A driver often has to make an unpleasant choice between safety and convenience or even demands of a passenger. The driver must assess the risk of leaving them where they originally wanted to get out. It’s a risk that involves both legal and safety issues. The potential liability for drivers has been ratcheted up in San Francisco, where our buses now come equipped with cameras. If you happen to be there picking up or dropping off a passenger inside a bus zone and a bus comes up behind you while you’re there, the driver can simply snap a picture of your license plate and you’ll receive a summons in the mail. In San Francisco the fine is likely to be upwards of $300.
The safety issue involves the ever increasingly array of vehicles, large and small that compete for territory on downtown streets You’ve not only got bicycles these days but you’ve also got scooters, motorized scooters, motorized bicycles, skateboards and all kinds of varieties that bring out the adventure in young people. The risk is both that you might open the door and hurt one of the skateboarders or your passenger could be knocked over, or worse.
Civic authorities are increasingly aware of the mess that ride hailing has wrought, but responses are slow and in many cases fell short of an ideal solution. In San Francisco they have experimented with drop-off zones, spaced around city streets. Is this the best solution? In some cases, yes. But clearly more work needs to be done in determining a solution and enforcing it.
Encouraging News from the Report
What I found most encouraging about the report has to do with process rather than product. Through this report and the discussion that grows out of it in city hall chambers across the country and world, attention is now being focused on the issue. Ultimately, the solution to the chaos is to begin to prioritize downtown uses of limited space. This seems to be the general conclusion of the study.
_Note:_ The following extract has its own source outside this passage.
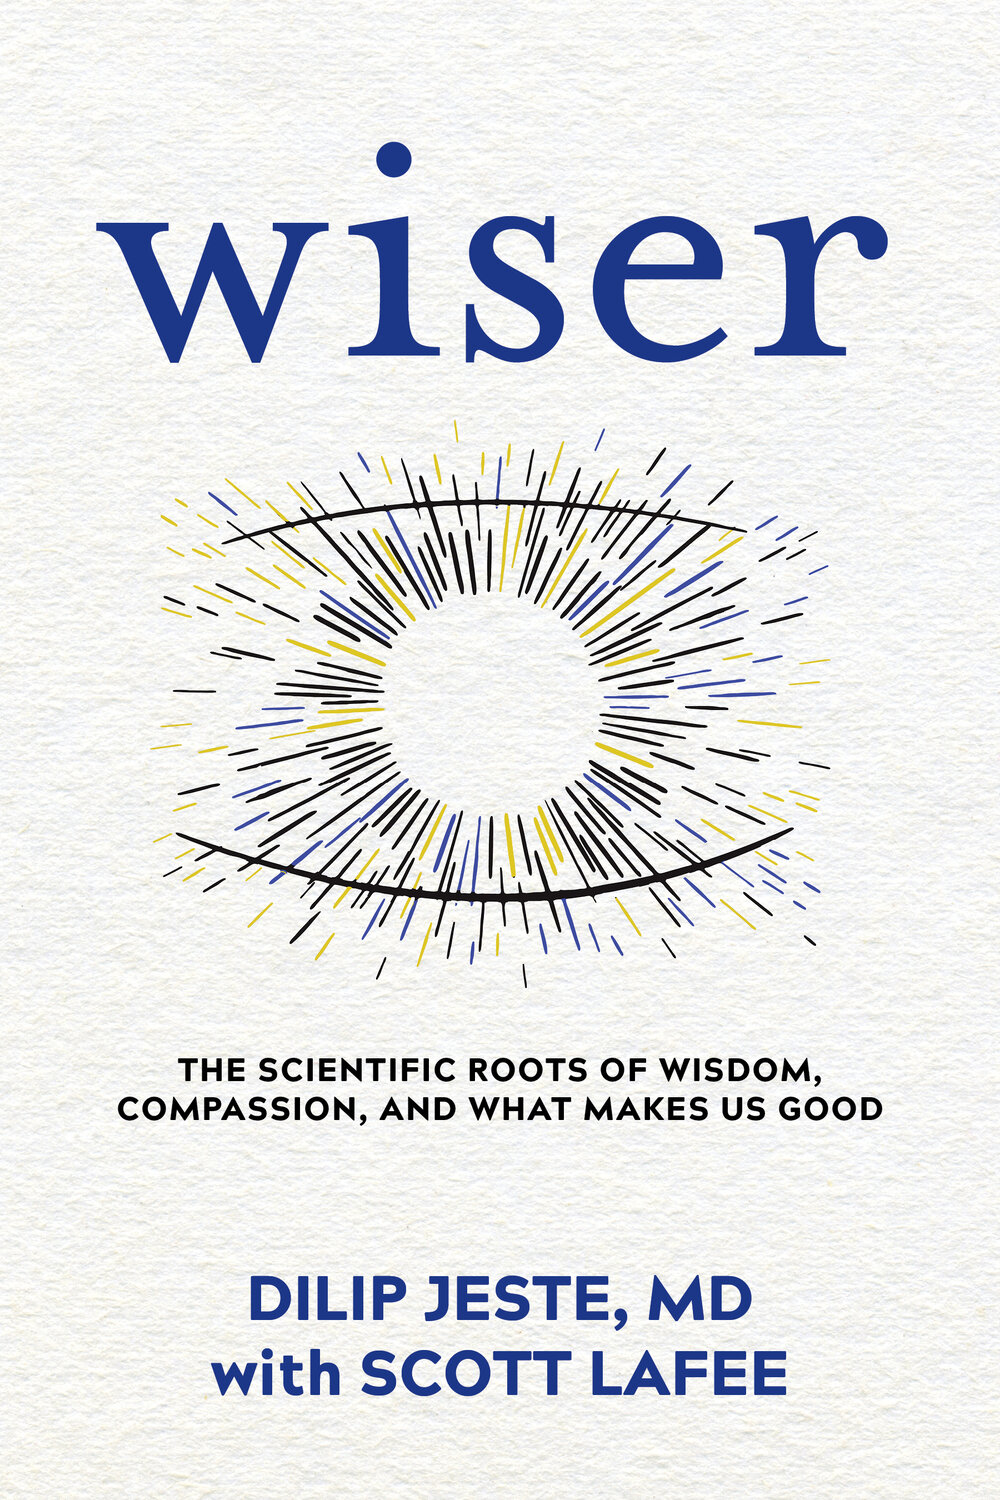 Wiser: The Scientific Roots of Wisdom, Compassion, and What Makes Us Feel Good by Dilip Jeste, MD

Putting all these pieces together – data, planning expertise and experience – the report concludes with what is needed. The first is prioritizing the pick-up and drop-off activity over less productive uses like parking. Second, scaling up pilots to comprehensive programs. Third, active management and enforcement of curb regulations. And fourth, data collection to track curb usage and program effectiveness.
In the end, the report is saying fewer parking spaces in downtown/urban environments, and more pick up/drop off locations. Combine that with their other recommendations, including pilots, enforcement of curb regulations (more traffic cops) and data collection, and things might get better in urban environments.
What do you think of these proposals? Is encouraging rideshare instead of downtown parking the right solution? And do you think anyone will respect curb regulations unless they’re strictly enforced?